What’s missing from the GLP-1 conversation
If you were to ask someone on GLP-1s about the benefits of the drug, what might they say? That they’ve quieted the food noise. That they’ve lost weight they never thought they could lose. That their bingeing episodes have decreased. But what might they leave out?
With less hunger, patients might forgo meals, resulting in nutritional deficiencies, nausea, and fatigue. They may lose muscle, their concentration may suffer, and they may experience uncomfortable gastrointestinal (GI) issues.
Although we’re aware of GLP-1s’ long-term effects on patients with diabetes, researchers don’t have as much data for weight-loss doses, which limits our understanding of long-term use.
According to research from the University of Alabama at Birmingham, “We don’t yet know the long-term consequences of sustained GLP-1 receptor activation in the brain. One unanswered question is whether long-term use could lead to reduced responsiveness over time. Long-term studies are still needed.”
This incomplete narrative serves marketing strategies well, but it doesn’t erase the real-life stories from patients.
At their core, GLP-1s have been shown to influence biology, but they do not address emotional, sociocultural, or psychological drivers of weight loss, like self-worth, food morality, and diet culture messaging.
What this means for eating disorder recovery
Recovery teaches us how to trust the body, nourish ourselves, and decenter food from our lives—all while attempting to ignore messaging that tells us to suppress and control. Amid what feels like a powerful cultural shift back toward glorifying thinness, eating disorder recovery can feel like a radical act.
Those with histories of disordered eating may see GLP-1s as an easy route to old behaviors and a familiar opportunity to exert control over the body. But even if a patient loses weight and considers themselves “cured” from a lifetime of body shame, the drugs don’t address this shame, internalized weight stigma, or fatphobia.
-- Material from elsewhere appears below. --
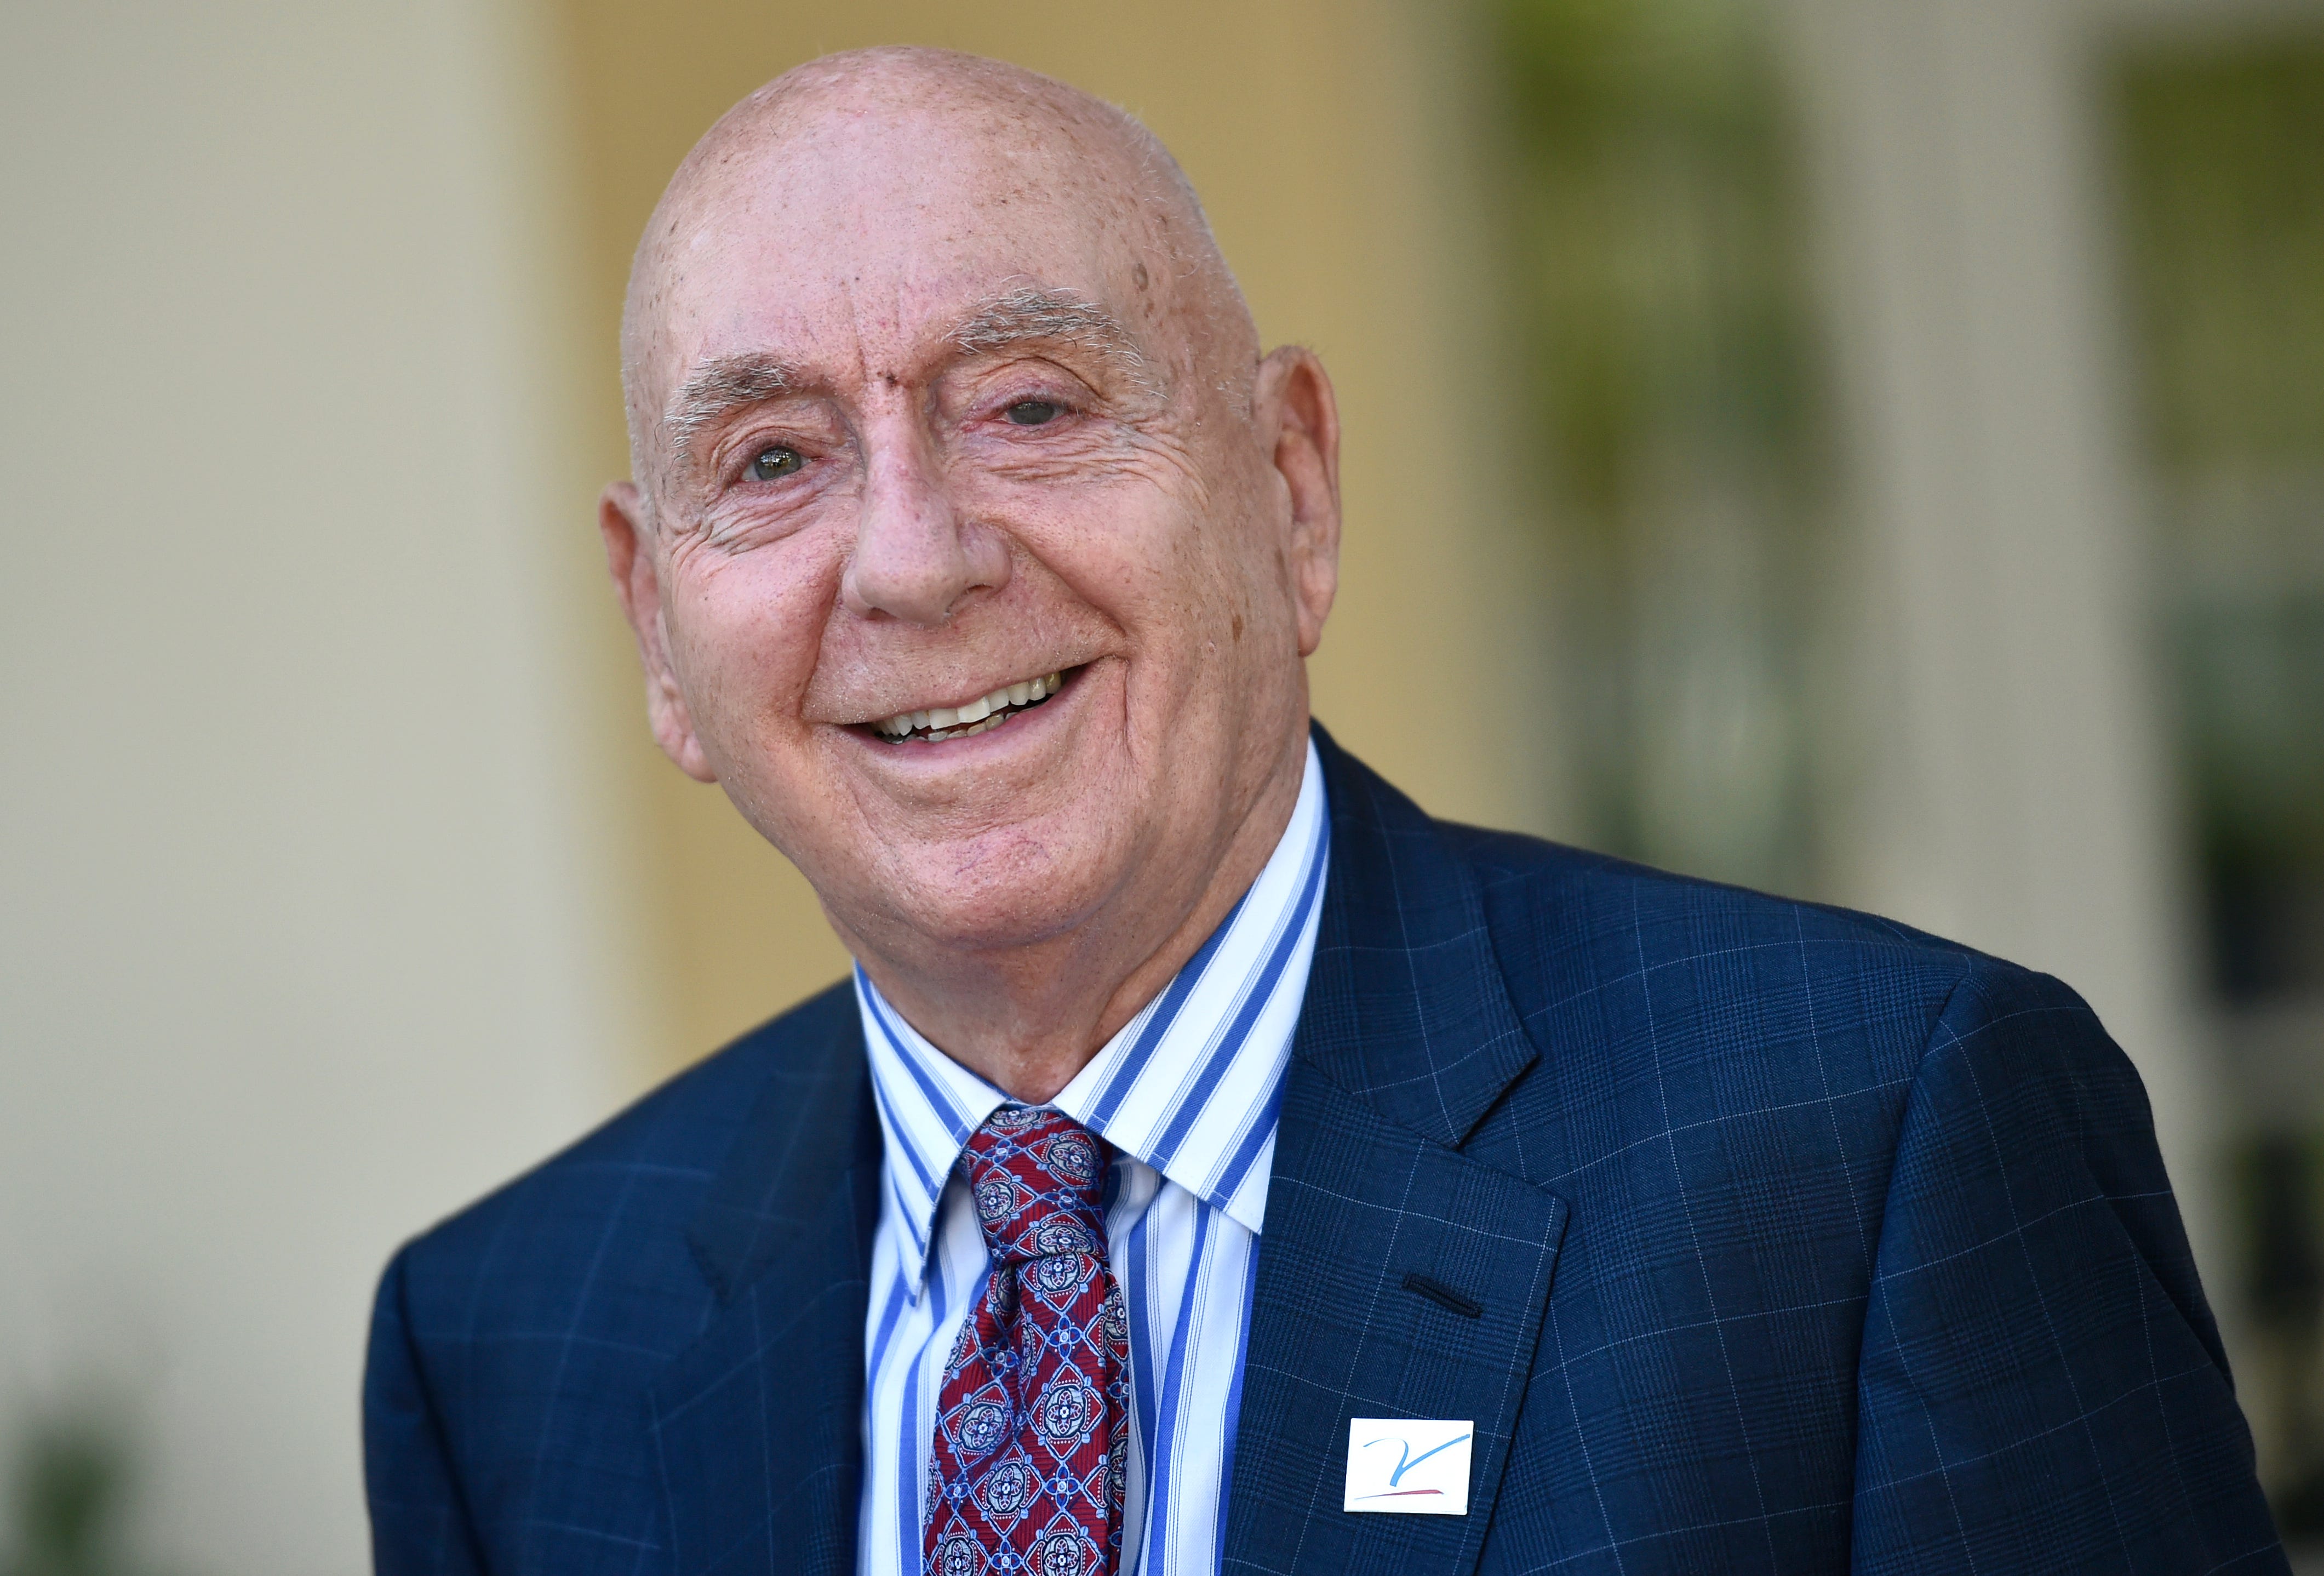 More than $7 million expected to be raised at 17th Annual Dick Vitale Gala

This can be incredibly confusing, not only for people in recovery but also for users without a history of disordered eating. But feeling lost in this mess of messaging only shines a light on a greater societal conundrum. It doesn’t signal a recovery misstep.
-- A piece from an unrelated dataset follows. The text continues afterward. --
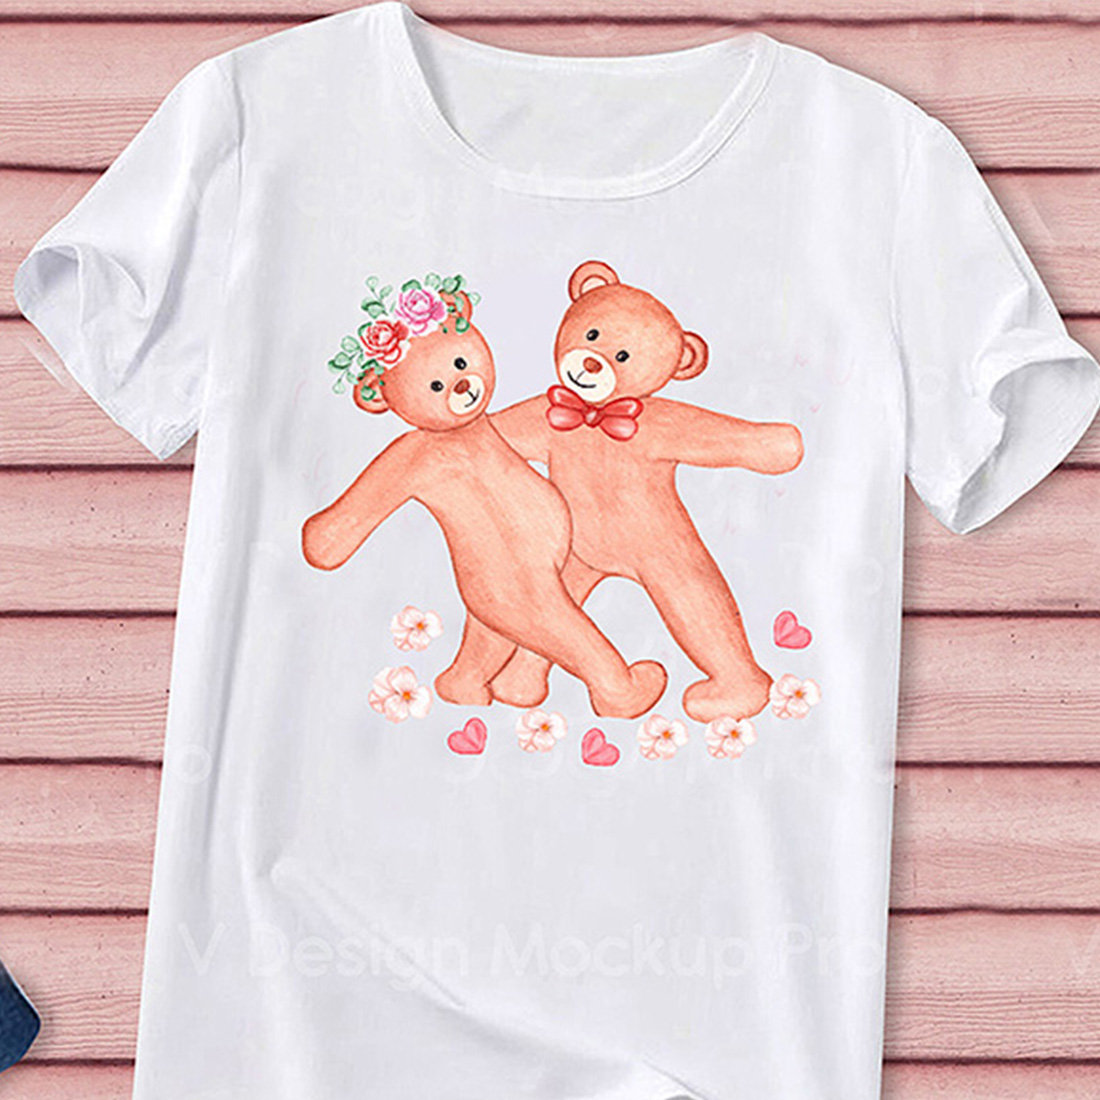 Image of a T-shirt with a beautiful print of a couple of bears

Another step in diet culture evolution
Diet culture has adapted, and it will continue to do so. So long as we continue to find something wrong with our bodies, even if we’re not the originator of these beliefs, we’ll be fed solutions that are faster, easier, and less expensive than the last.
But participating in this cycle is optional. We can choose to believe we’re damaged, deformed, or needing to be fixed, or we can learn how to be enough as we are, which isn’t only radical, it’s beautiful.
Pause & Prompt
When I hear GLP-1 medications discussed or in ads, what emotions come up?
Food is meant to be pleasurable, nourishing, and energizing, but diet culture has taught many of us otherwise. How did this happen?